说起来,这弓箭真是好东西,只要能保持一定的密度,它们的杀伤力大得吓人。一个训练良好的营,五次齐射就能瓦解同样数量的敌人。而且在近十天的长途奔袭作战中,我麾下士兵的战斗素质都大为提升,虽然他们对正规骑兵战法还有一些生疏,但弓箭和骑术却得到了加强,应付这些小场面已经绰绰有余了。
一个翼人小队升上了天空,飞向城堡去与被叛军攻击的一方联系。而在他们身下的战场,却已经是一片沸腾。
无数叛军被羽箭射中,飞溅而出的血雾色彩艳丽,犹如朵朵形状妖异的花朵在惨叫声中绽放,染红了大地、染红了原野,也染红了我的双眼……
他们是罪有应得,所有冒犯克里默。夏麦夫妇的人,我都不会让他好过。因为陛下不但是我的君王,也是我的长辈、我的亲人。
叛军在弓箭打击下伤亡惨重,队形又从紧密变得分散。在短时间里,我让叛军完成了从分散到集中再到分散的过程,他们已经毫无斗志可言,战斗力跟手无寸铁的农夫相差无几。
我胸中的怒火难以压抑,于是拍马上前,来到蓄势待发的突击部队阵形中。
“战士们,你们经过了十天的训练,又经过了差不多十天的战斗,可以自豪的说,你们已经是老兵了。”我缓缓说著话,清晨的阳光照耀在我的盔甲,反射出点点光芒:“而眼前的这些人,他们是屠杀我国臣民的凶手!更是我科恩。凯达不共戴天的仇人!现在……我命令你们!握紧你们手中的武器,用你们的方式杀死他们!”
“是!”整齐的回答汇成洪流,在我耳边滚动。
“唰”的一声抽出黑铁刀,我口里大喊:“突击……杀!”
“杀!”
四个近卫团全数冲出,展开后保持了大约半里宽的冲击面,密集的马蹄声震耳欲聋,洪亮的喊杀声直上云霄!

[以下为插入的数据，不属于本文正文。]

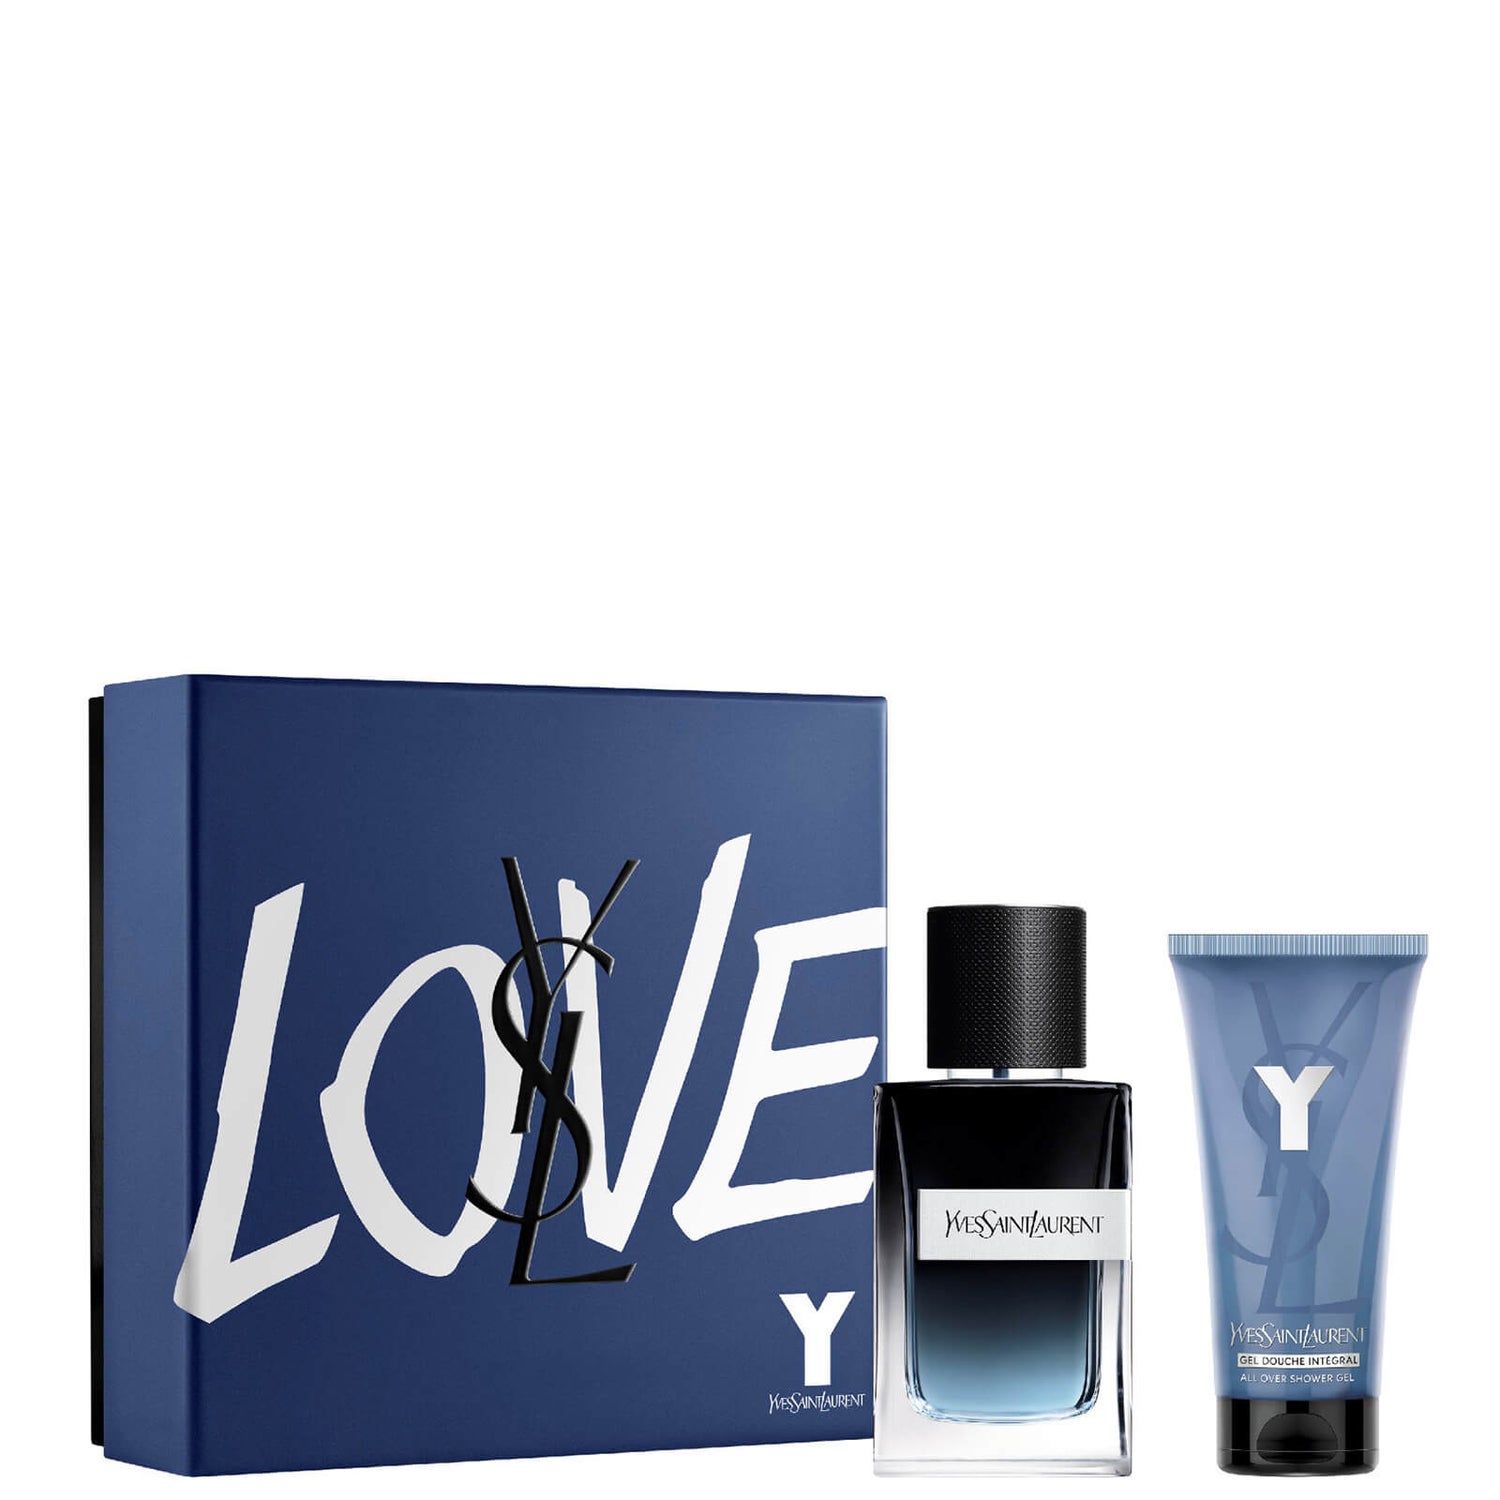 Yves Saint Laurent Y Eau de Parfum Body Gift Set
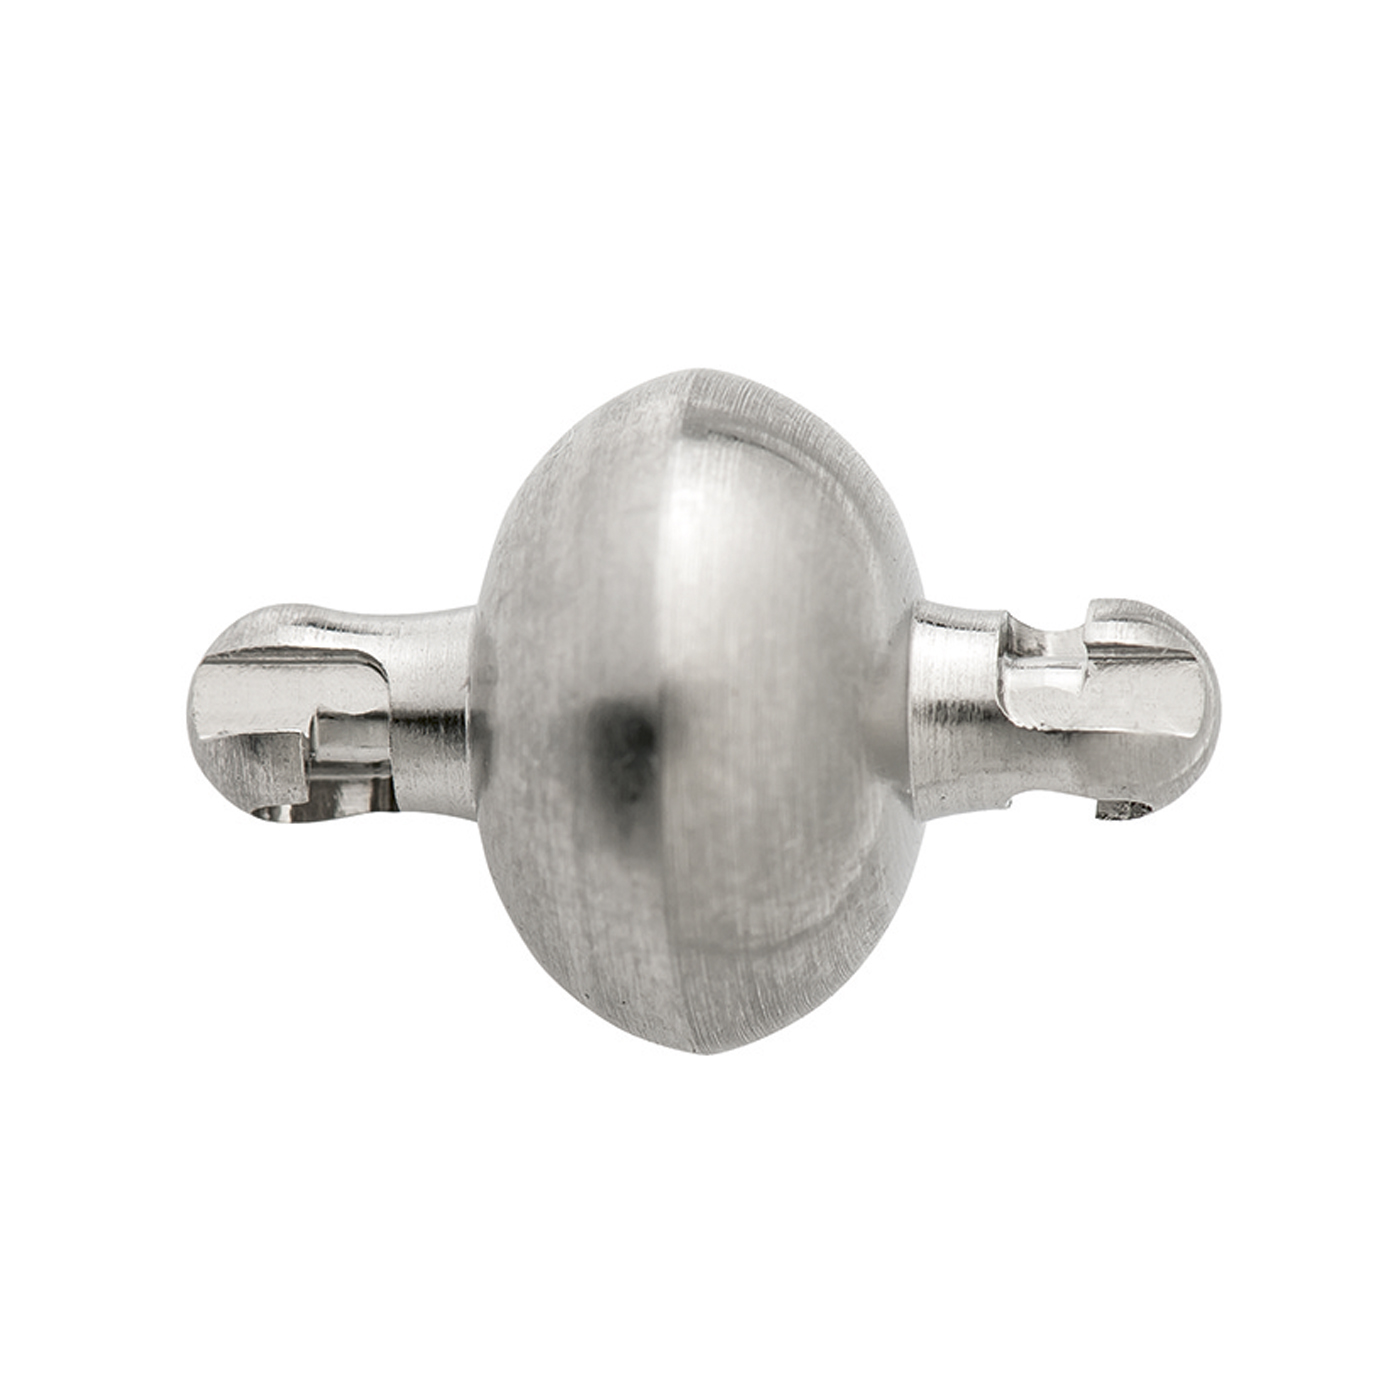 Adapterschlüssel, ES rhod., ø 8 mm, für Kugelkopf-Mechanik - 1 Stück

士兵们单手引缰,另一只手紧握著长枪或者战刀,不断的用装在脚后跟的马刺刺激马匹以提高冲击速度,他们平端著武器,裹著呼啸的劲风,带著凛冽的杀气!一道道烟尘在身后拉起,我的士兵汇合成钢铁的巨浪,势不可挡的冲向叛军!
看著这不可阻止的铁军,绝望的叛军哭嚎著逃命,人人只恨少生的两条腿……不大一会,叛军就被追上,落在队尾的不是被挑飞,就是被撞翻!
每一次挥刀都有叛军倒地,每一次挺刺都伴随著叛军的惨叫。叛军士兵根本没有抵挡,在我眼中,他们只不过是微弱的浮尘,瞬间就被涌动的钢铁巨浪吞噬,又在刹那间覆灭。
杀!我杀光你们这群叛乱的畜生!割断你们的喉咙,再把你们踏成肉泥!我要用你们的鲜血、用你们的生命来祭奠陛下夫妇!
我狂舞著手中的黑铁刀,头上的头盔、身上的盔甲,甚至我的脸上都被溅上点点血迹。如果不是主帅的职责束缚著我,我会更投入的加入这场对叛军的屠杀——到后来,岩石干脆带著一队近卫把我给紧紧的围起来了。
大地在马蹄下颤动,死神在战场上留连。突击的队伍有如狂飙,追著叛军的队尾杀去,所到之处血雾弥漫,叛军士兵尸横遍野,死状千奇百怪。
敌人毫无斗志可言,不多时战斗已近尾声,战场上只剩下些零星的追杀。
“长官!”一个翼人军官飞到我身边,大声叫喊著:“我们找到殿下了!”
“菲谢特?”我猛的探出身子,单手把他拽了过来:“他在哪里?!”
翼人军官猝不及防,一声惊呼掉到了地上,手却还指著那个小小的城堡。
我心里一阵狂喜,转头向城堡看去,发现我的一个参谋官已经带著一队士兵站在城门下,而另一个参谋就快马加鞭,向我一路狂奔过来。
“长……长官!”他一直冲到我近前才勒住马,兴奋的表情在脸上显露无遗:“殿下,是殿下!菲谢特殿下毫发无伤!”
“听到菲谢特没事,我的喉头立即就被什么东西堵住,眼中有液体不可抑制的流下。
呆立片刻之后,我两腿一夹马腹,向城堡大门奔去,身后近卫忙拍马跟上。
城堡下的士兵们下了马,动作麻利的清理掉门外通道上的叛军尸体,城堡大门也已经被打开,几个身影走到城门下站定……有特纳西大叔,还有威伯大叔,而那个站在特纳西和威伯大叔前面的人,不是菲谢特是谁!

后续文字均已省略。